Tried: XDE Run, XDE Debug, Load to flash. All the same. During an XDE debug, after it received the reboot command, a few seconds later I hit the pause, and showed each core at the instruction that should reboot the cores. The screen dump is attached.

Single 2 bit XLINK between cores.

Any ideas? If there is an active channel between the cores, does this block the write to reboot?

Woody · Post by **Woody** » Mon May 23, 2011 10:56 am

Any write to the PLL register in the sswitch will reset the whole of the node that the sswitch is on. (Each node has a single sswitch). If you are using L devices then there is an sswitch (and a PLL register) for each XCore.

I am assuming that the write_sswitch_reg_blind() writes to the sswitch and wait for a response. The code
looks right to me: an active channel (via an xmos link) is required to send the reset command to the remote XCore. Once that command is sent, there is no need to mainatain an open channel.

I expect that the IDE may lose track of what the system is doing at that point since it has reset. So what you see in the gui may not actually be what is happening on the XCore.

m_y · Post by **m_y** » Mon May 23, 2011 11:51 am

Resetting an N-L1 system is tricky.

I'm guessing from the name of the function write_sswitch_reg_blind() that you're not waiting for responses to the switch register writes. Is this correct? If so, it may be that the second (local) reset is being received and acted-on by the local switch before message to the remote switch has been completely transmitted. In this case the second L1 will never be reset because it will never receive the PLL register write command. Worse, its switch may become unresponsive if it receives only a partial message.

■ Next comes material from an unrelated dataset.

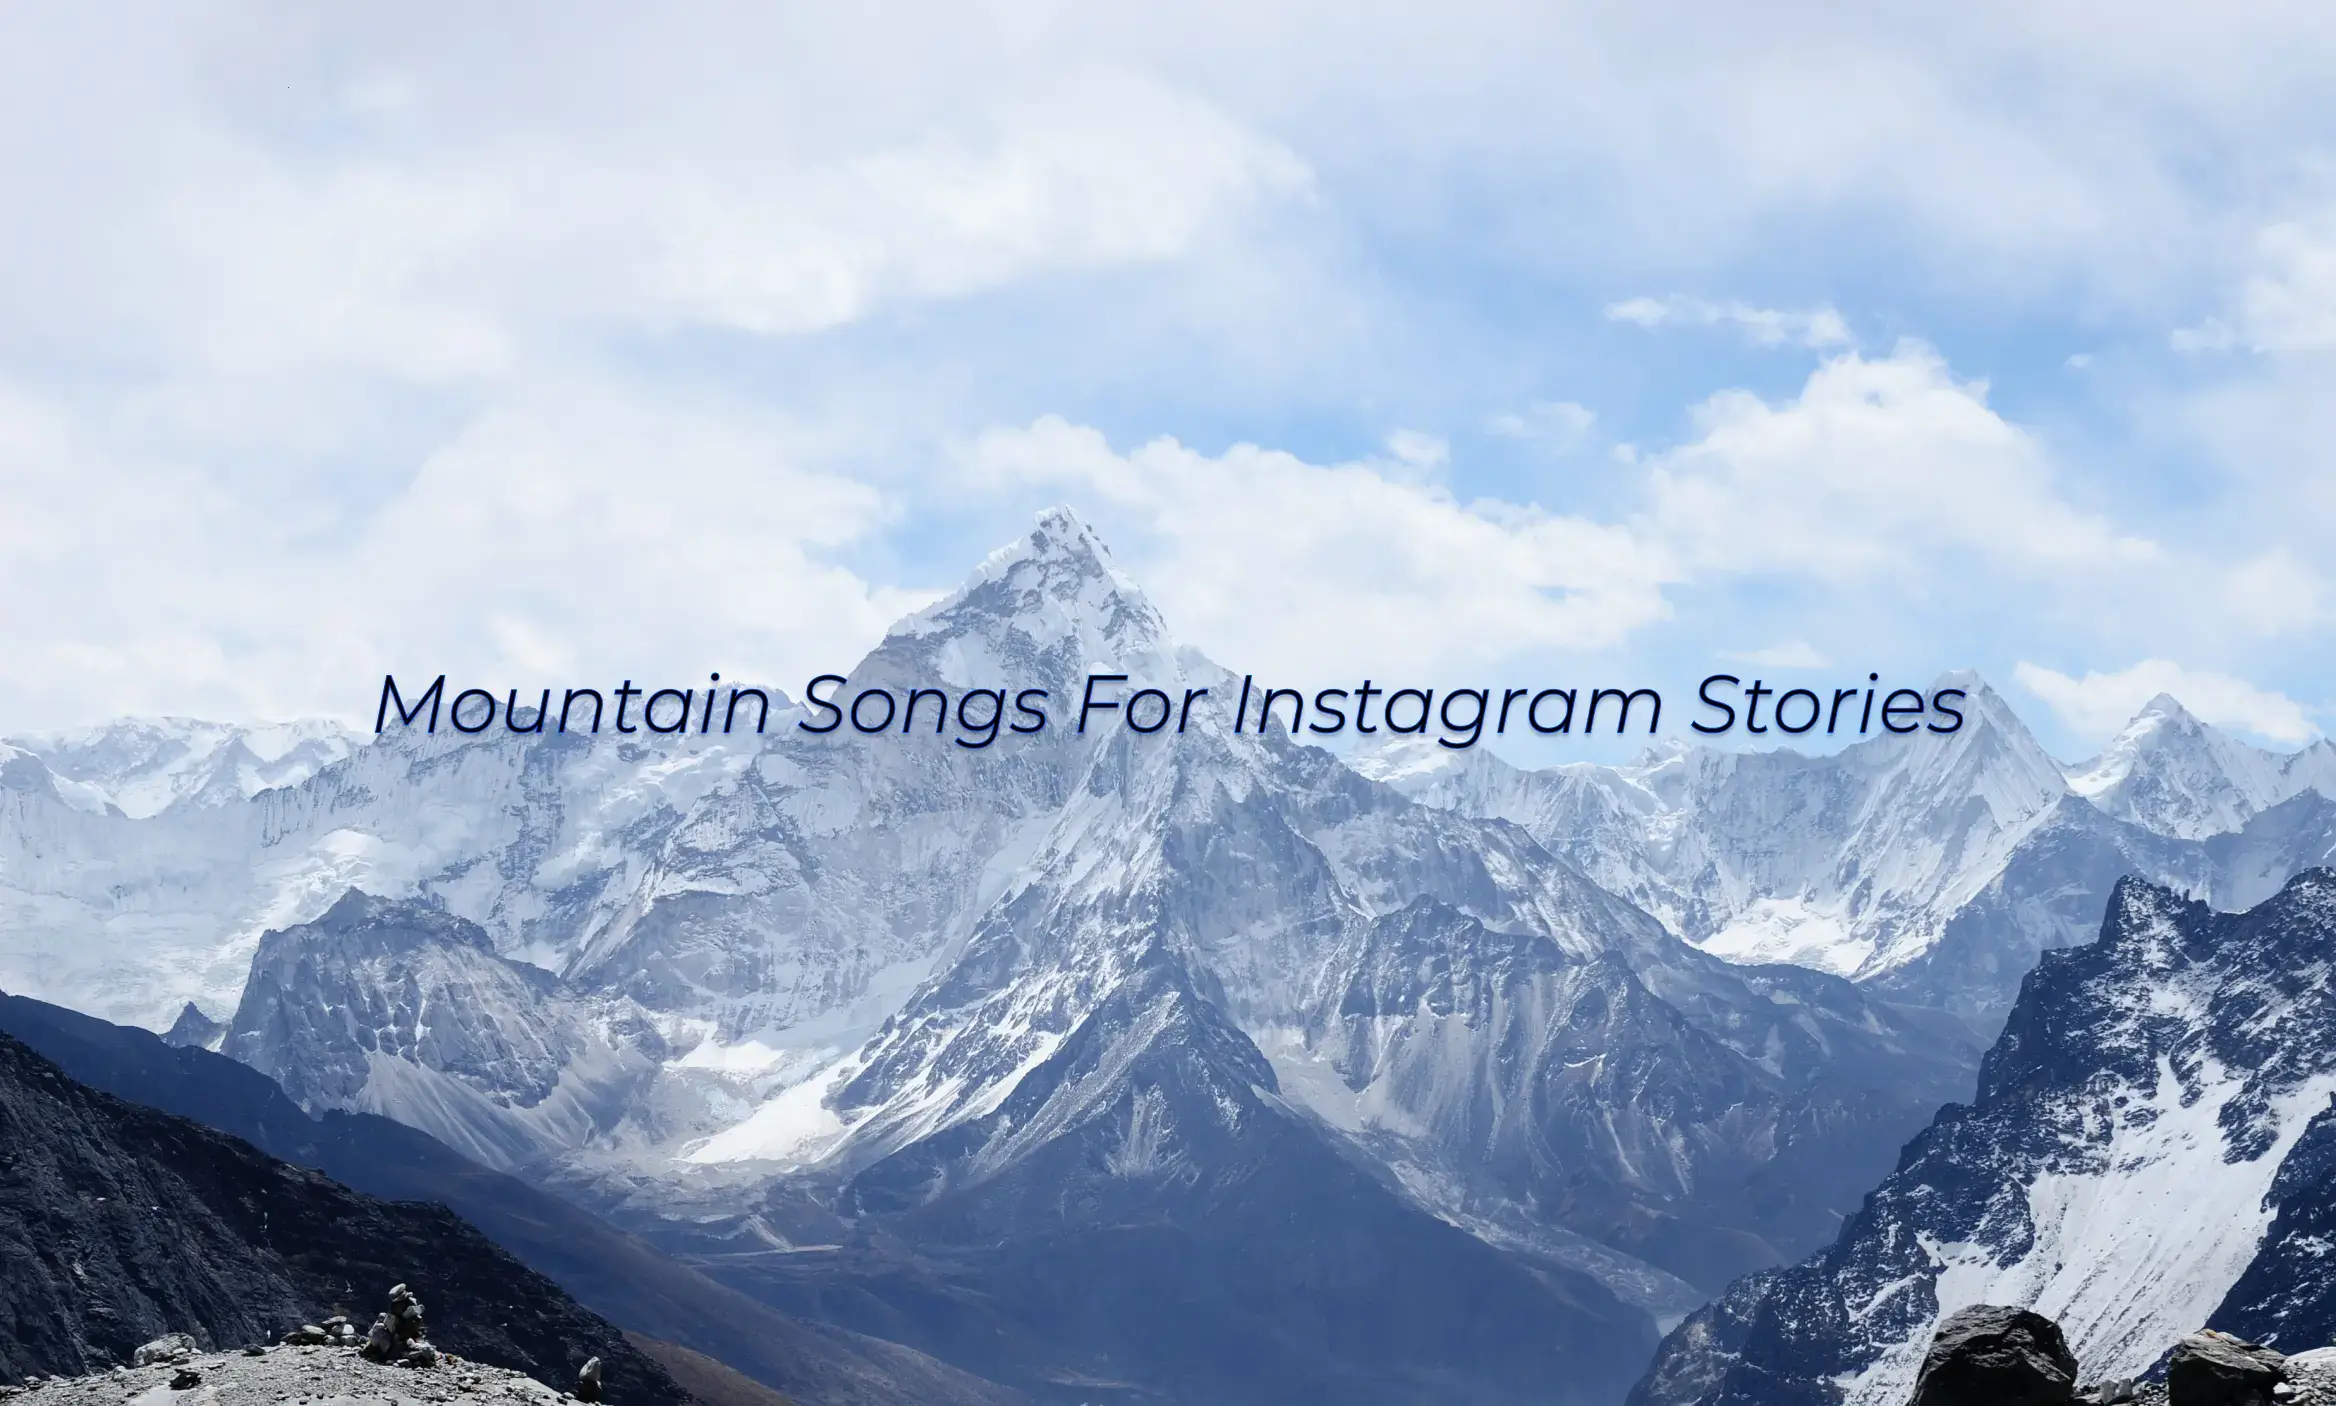 Mountain Songs For Instagram Stories

It's no good wait for a response either. One never gets responses to PLL programming messages because the switch is reset and thus can't send a response message.

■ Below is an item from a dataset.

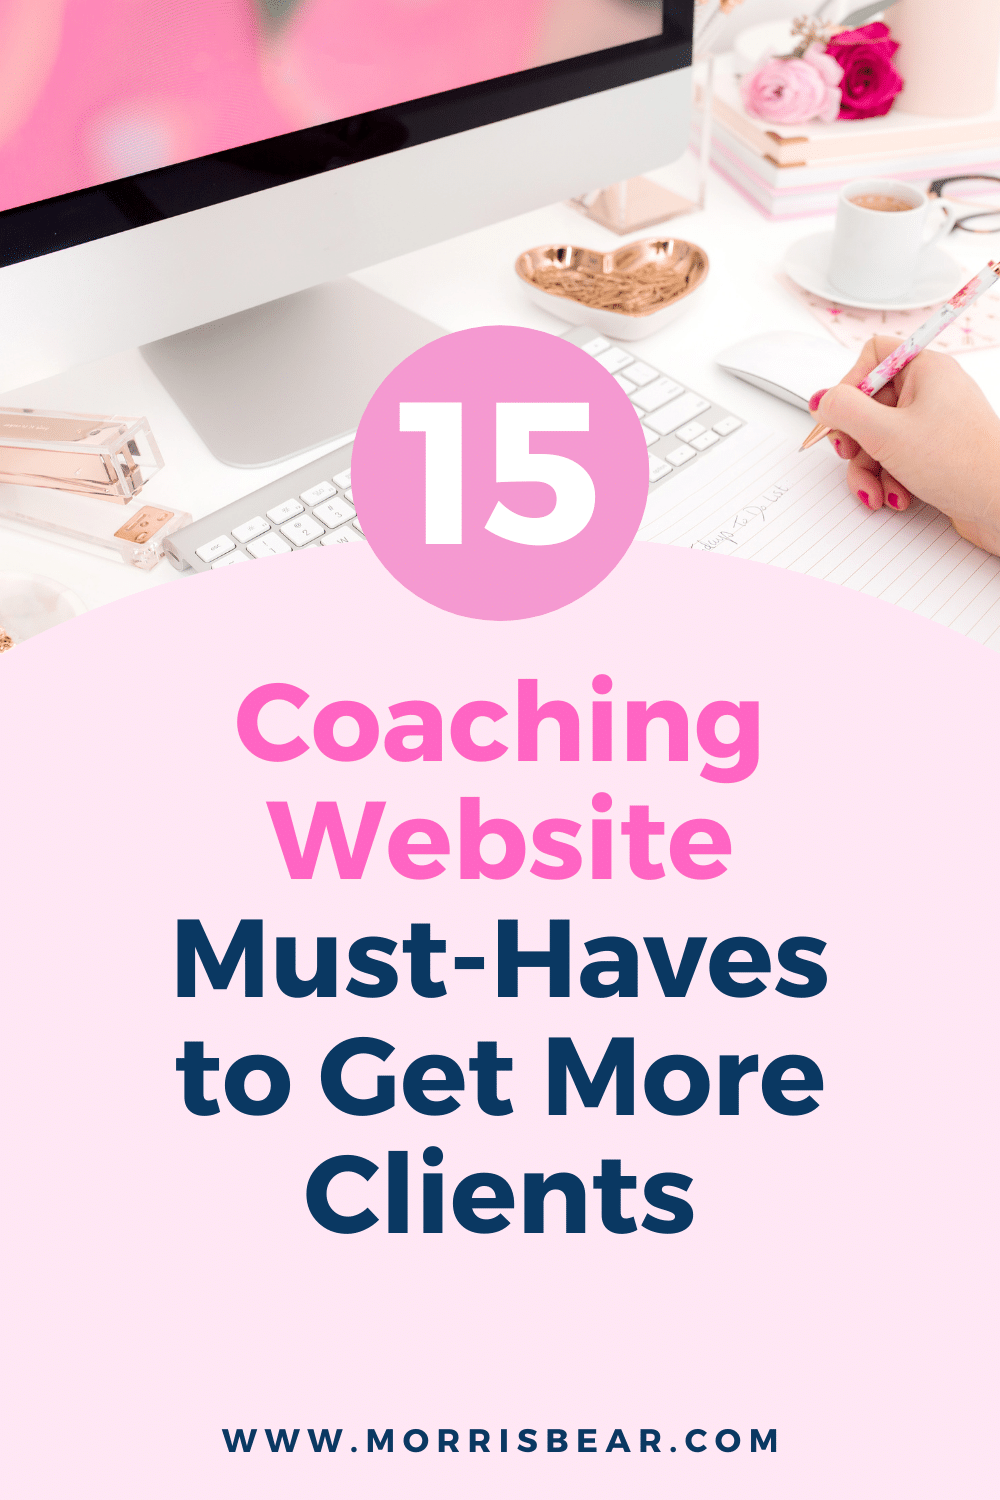 15 Features for a high converting coaching website - diy your website

The trick is to reset the remote L1, wait until you know the message has gone out then reset locally. How do you know when this is? Good question! Depends on the link speed, mostly.

segher · Post by **segher** » Mon May 23, 2011 3:44 pm

m_y wrote:Resetting an N-L1 system is tricky.

Yeah :-)

Two other things that could be wrong: the code assumes to be run on node id 0,
and the other core has to have node id 0x8000.

It's no good wait for a response either. One never gets responses to PLL programming messages because the switch is reset and thus can't send a response message.

The trick is to reset the remote L1, wait until you know the message has gone out then reset locally. How do you know when this is? Good question! Depends on the link speed, mostly.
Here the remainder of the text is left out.